The main contention in the case concerned Dublin City Council’s interpretation of a particular provision of the Guidelines known as specific planning policy requirement 3 (A) or “SPPR3 (A)” in the context of the consideration of planning applications already submitted to it. The Guidelines were issued by the Minister pursuant to s. 28 of the Planning & Development Act 2000 (“Section 28”). A planning authority is required, under Section 28 to have regard to ministerial guidelines and to comply with specific planning policy requirements. The question was whether SPPR 3(A) applied to plan schemes where it stated it applied to ‘development plans’ only. A Briefing Note on the Guidelines prepared by Dublin City Planning Officer stated that SPPR 3(A) did not apply to the development proposed for a planning scheme area.

BACKGROUND & LEGAL ISSUES

The plaintiff developer had two pending planning applications before Dublin City Council where the height of the development would exceed the maximum building height under the applicable planning scheme. The developer argued that the Guidelines permitted the planning authority to legally grant the planning permission despite the height restrictions of the North Lotts planning scheme. The court was asked to make a declaration firstly that the Briefing Note of 21 January 2019 was ultra vires or outside the powers of Dublin City Council Planning Authority and secondly, that the Council was obliged to apply SPPR 3 (A) of the Guidelines from the date of their publication in December 2018 and prior to undertaking any review of the North Lotts and Grand Canal Planning Scheme.

SPPR3 provides as follows:-

“It is a specific planning policy requirement that where;

(A)

  1. an applicant for planning permission sets out how a development proposal complies with the criteria above; and
  2. the assessment of the planning authority concurs, taking account of the wider strategic and national policy parameters set out in the National Planning Framework and these guidelines; then the planning authority may approve such development, even where specific objectives of the relevant development plan or local area plan may indicate otherwise.

(B)

In the case of an adopted planning scheme, the Development Agency in conjunction with the relevant planning authority (where different) shall,  upon the coming into force of these guidelines, undertake a review of the planning scheme, utilising the relevant mechanisms as set out in the Planning and Development Act 2000 (as amended) to ensure that the criteria above are fully reflected in the planning scheme. In particular, the Government policy that building heights be generally increased in appropriate urban locations shall be articulated in any amendment(s) to the planning scheme

(C)

In respect of planning schemes approved after the coming into force of these guidelines, these are not required to be reviewed.”

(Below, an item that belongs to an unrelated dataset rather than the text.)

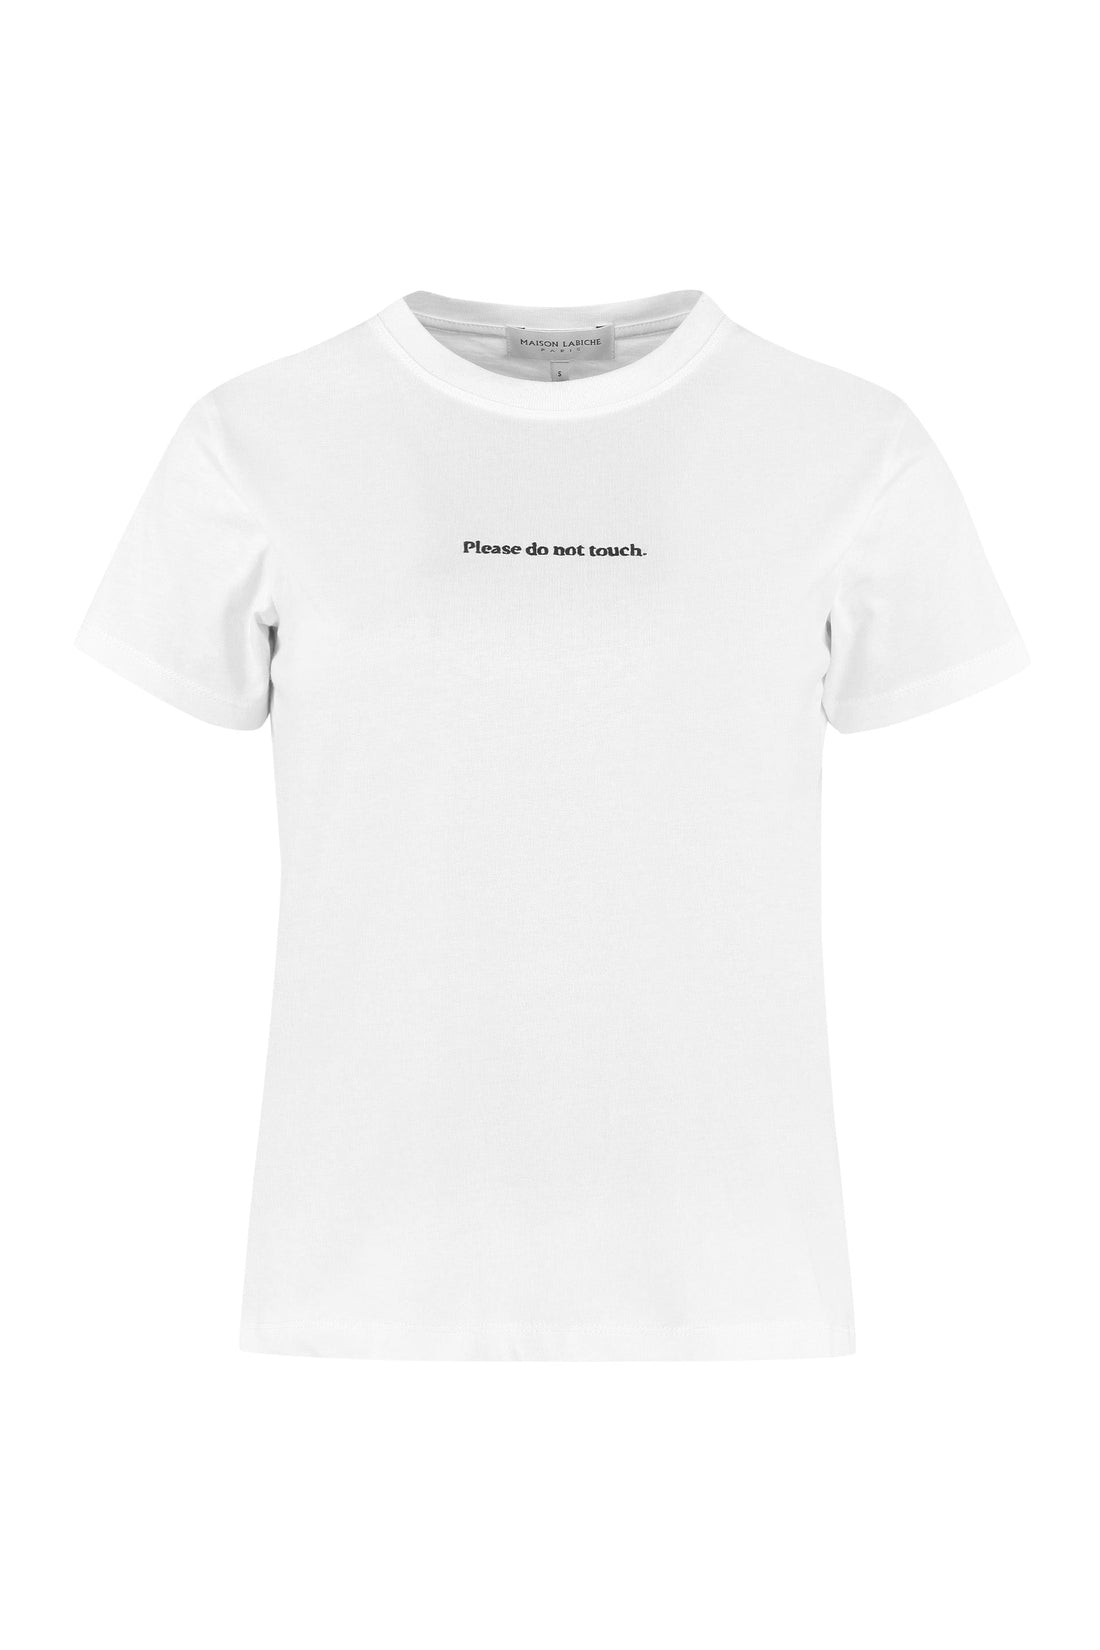 Maison Labiche-OUTLET-SALE-Printed cotton T-shirt-ARCHIVIST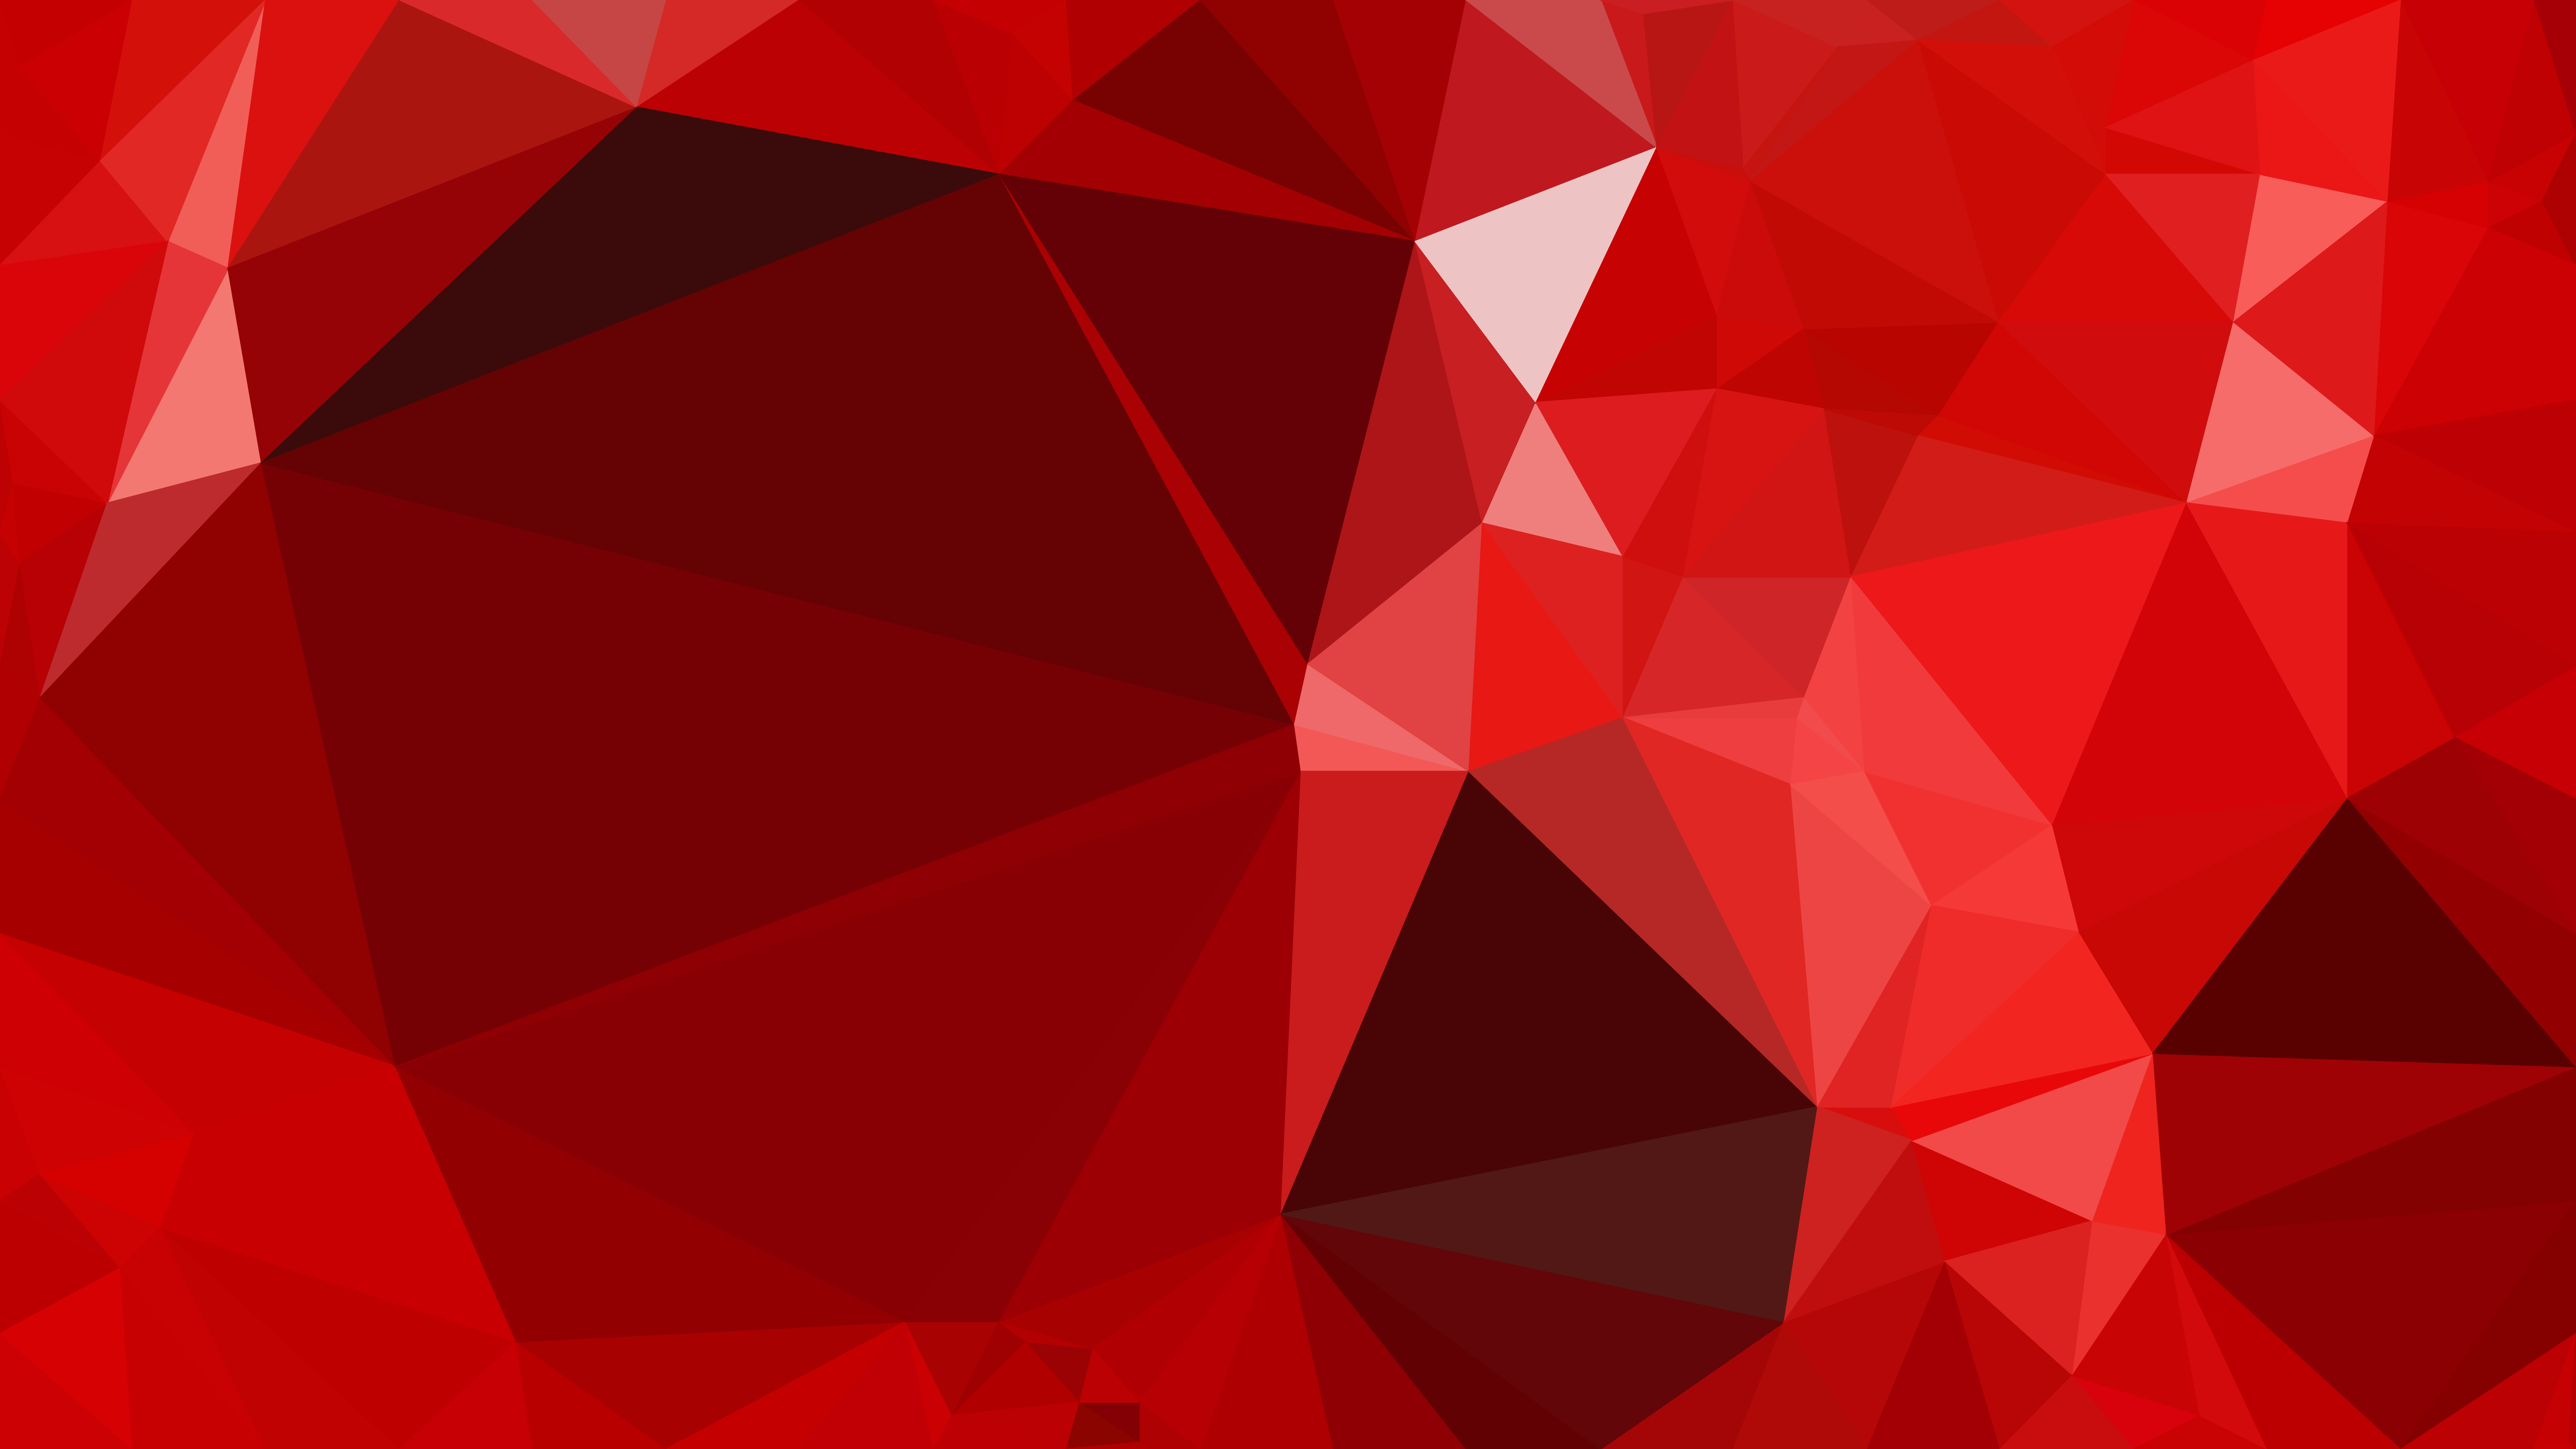 Mẫu nền đa giác đỏ miễn phí: Với mẫu nền đa giác đỏ miễn phí, bạn sẽ có thể tạo ra một bức ảnh độc đáo và ấn tượng. Sự kết hợp giữa nhiều hình đa giác và gam màu đỏ sẽ tạo nên một hiệu ứng mạnh mẽ và cuốn hút cho bức ảnh của bạn. Hãy khám phá và tận dụng cơ hội này!

The defendant Dublin City Council argued that the judicial review proceedings brought by the developer were premature as while both planning application decisions were pending there was, therefore, no ‘decision’ or ‘act’ that could be the subject of judicial review and that the ordinary meaning must be given to the word ‘development plan’ in SPPR3(A) above. Arising from the application of the ‘ordinary meaning’ test for interpretation, and after having considered the full text of SPPR3, DCC argued that all the guidelines required it to do, was undertake a review of the planning scheme in accordance with SPPR3 (B): SPPR3 did not necessarily require a Planning Authority to amend the planning scheme to incorporate increased building heights, DCC argued.  The developer contended that the Briefing Note issued by the City Council Planning Officer regarding his interpretation of the building height guidelines was ‘justiciable’.

HIGH COURT DECISION

Justice Simons refused to grant Spencer Place Development Limited its three declarations and held in favour of DCC.

CONCLUSIONS FOR DEVELOPERS

This judgment is of interest to developers as it highlights the following:-

  1. Where an amendment to a planning scheme is pending, a planning application will be decided upon by reference to the existing planning scheme.
  2. The building height restrictions of an existing planning scheme within an SDZ cannot be circumvented by reference to the Guidelines.
  3. It clarifies that a planning authority is required to apply the Guidelines when assessing planning applications outside an SDZ. This means that one possible solution for a developer, when faced with a refusal of planning permission in an SDZ on grounds of building heights, might be to apply for permission for the same development under the fast-track Strategic Housing Development process. This is because the relevant legislation[1] does not differentiate between property located in a development plan, a local area plan or a planning scheme. However, the proposed development would need to consist of at least 100 residential units or 200 student units or a combination of both.
  4. Developers are also reminded that there is no right to appeal a decision to refuse planning permission in an SDZ on grounds that an extant planning scheme did not incorporate subsequently issued SPPRs.
  5. Whilst the subject of costs formed a separate judgment of Simons J. this case also demonstrates the requirement for a plaintiff developer to await a decision from the planning authority prior to issuing judicial review proceedings. It was held by Simons J. in a further judgment delivered in the costs application that the developer was unable to make the argument that both parties should bear their own costs pursuant to s. 50B of the Planning & Development Act 2000 by reason of the finding (amongst others) that the Briefing Note did not amount to a ‘decision’ capable of forming judicial review under that section. Simons J made an order directing the plaintiff to discharge DCC’s costs under the ordinary rule set out in Order 99 of the Rules of the Superior Courts that costs follow the event/ the winner at the absolute discretion of the Court.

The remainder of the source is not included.